A Los Angeles developer of film studios plans to build a five-stage, state-of-the-art studio complex in Clayton County, giving a hefty boost to film production in Clayton.

Clayton County Studios will be built between Lake City and Morrow and will be managed by Pacifica Ventures. The studio gives Pacifica Ventures an entry into the southeast and Georgia’s multi-billion-dollar film-making market. It will be the company’s second film-production studio in the United States. It has a nine-stage studio in Albuquerque, N.M., where hits like “Breaking Bad” and “The Avengers” were produced.

“We welcome Clayton County Studios to the Georgia film community and are excited to have a new top-of-the-line studio to offer the hundreds of film and television productions looking for studio space in Georgia each year,” said Lee Thomas, Deputy Commissioner of the Georgia Film, Music & Digital Entertainment Office. “The film industry spent more than $2 billion in Georgia last year and is still growing, and the new studio will have a significant fiscal impact on the local economy.”
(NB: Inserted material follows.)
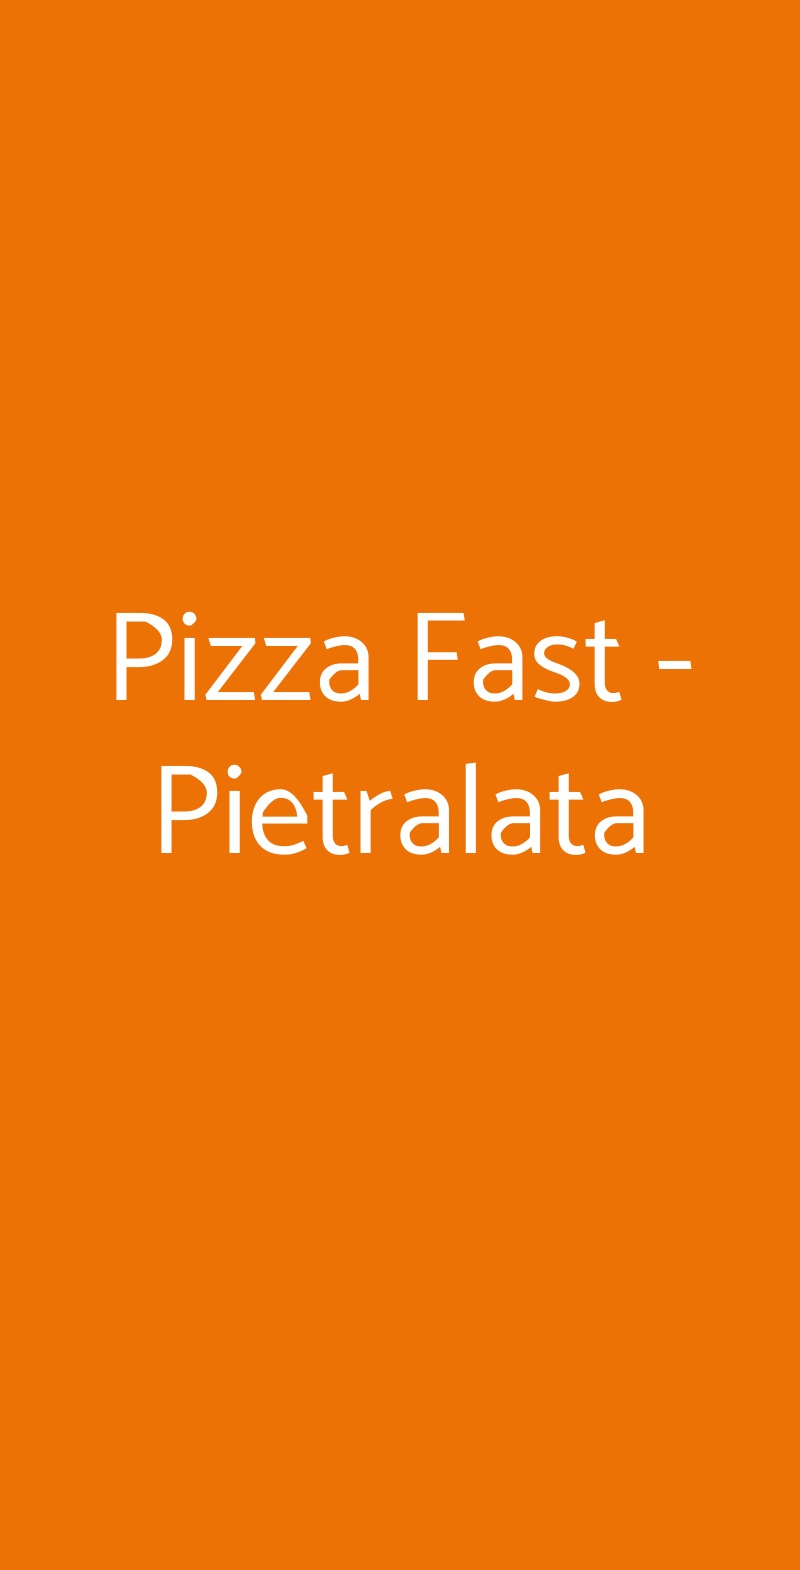 Pizza Fast - Pietralata Roma menù 1 pagina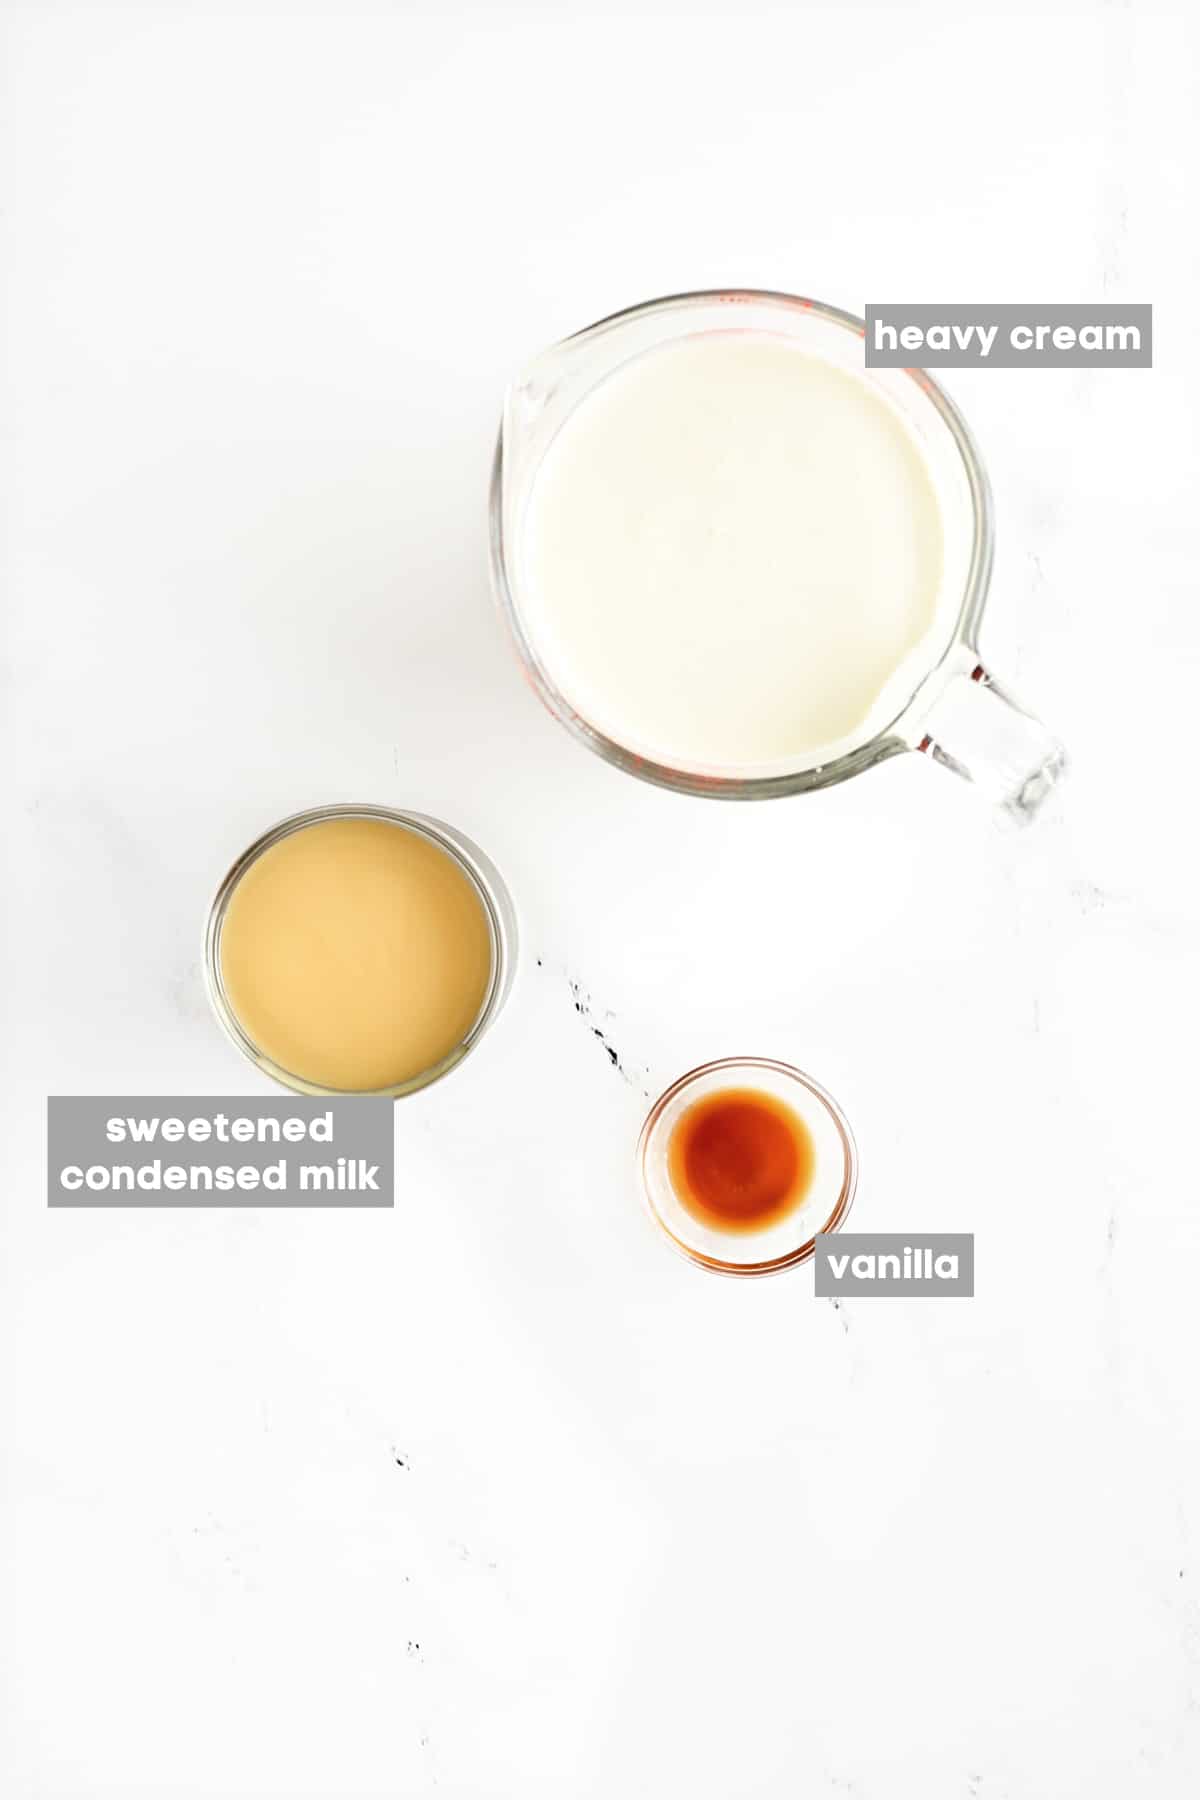 Heavy cream, sweetened condensed milk, and vanilla extract.

Pacifica Ventures said it will spend at least $12 million on the Clayton project. The studios will be on 27 acres directly across the street from the National Archives in Morrow. The site already is occupied by a former Ingles supermarket that was turned into a sound studio several years ago. That facility will be incorporated in the Clayton project, said Matt Rauchberg, senior vice president of business development at Pacifica Ventures. The facility will be used for set construction and storage.
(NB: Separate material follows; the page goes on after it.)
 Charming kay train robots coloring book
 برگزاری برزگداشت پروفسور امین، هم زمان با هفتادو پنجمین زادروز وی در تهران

“We look forward to working with the local community, and the local schools and colleges to support and expand training and internship programs for the entertainment production industry and create new opportunities for local residents,” Rauchberg said.

Groundbreaking on the first phase is expected to be in September, Rauchberg said. The five sound studios will be between 18,000 and 20,000 square feet each, Rauchberg said. They will be built in pairs with connecting doors. The complex will also include production offices, post-production space, a green screen, mill and construction space and a commissary.

In 2015, Clayton bought three acres formerly owned by the U.S. Postal Services and combined that with 17 acres already owned by the county with a goal of attracting a studio complex.

Rauchberg said the company chose Clayton because of its proximity to Hartsfield-Jackson International Airport and downtown Atlanta.

Clayton County Commissioner Sonna Singleton called the project “a great economic development win.” The complex will be built in her district.

Clayton Studio will be smaller than Fayette County's Pinewood Studios, which opened in 2014 with five sound stages and about 400,000 square feet of space.

In addition to the Clayton project, Pacifica Ventures is pursuing a project in the United Kingdom, Rauchberg said.

Clayton opened its film and entertainment office in 2010 and has since been the production site for such movies and television shows as “The Hunger Games: Catching Fire”, “The Odd Life of Timothy Green”, “Revolution” and “Zombieland.”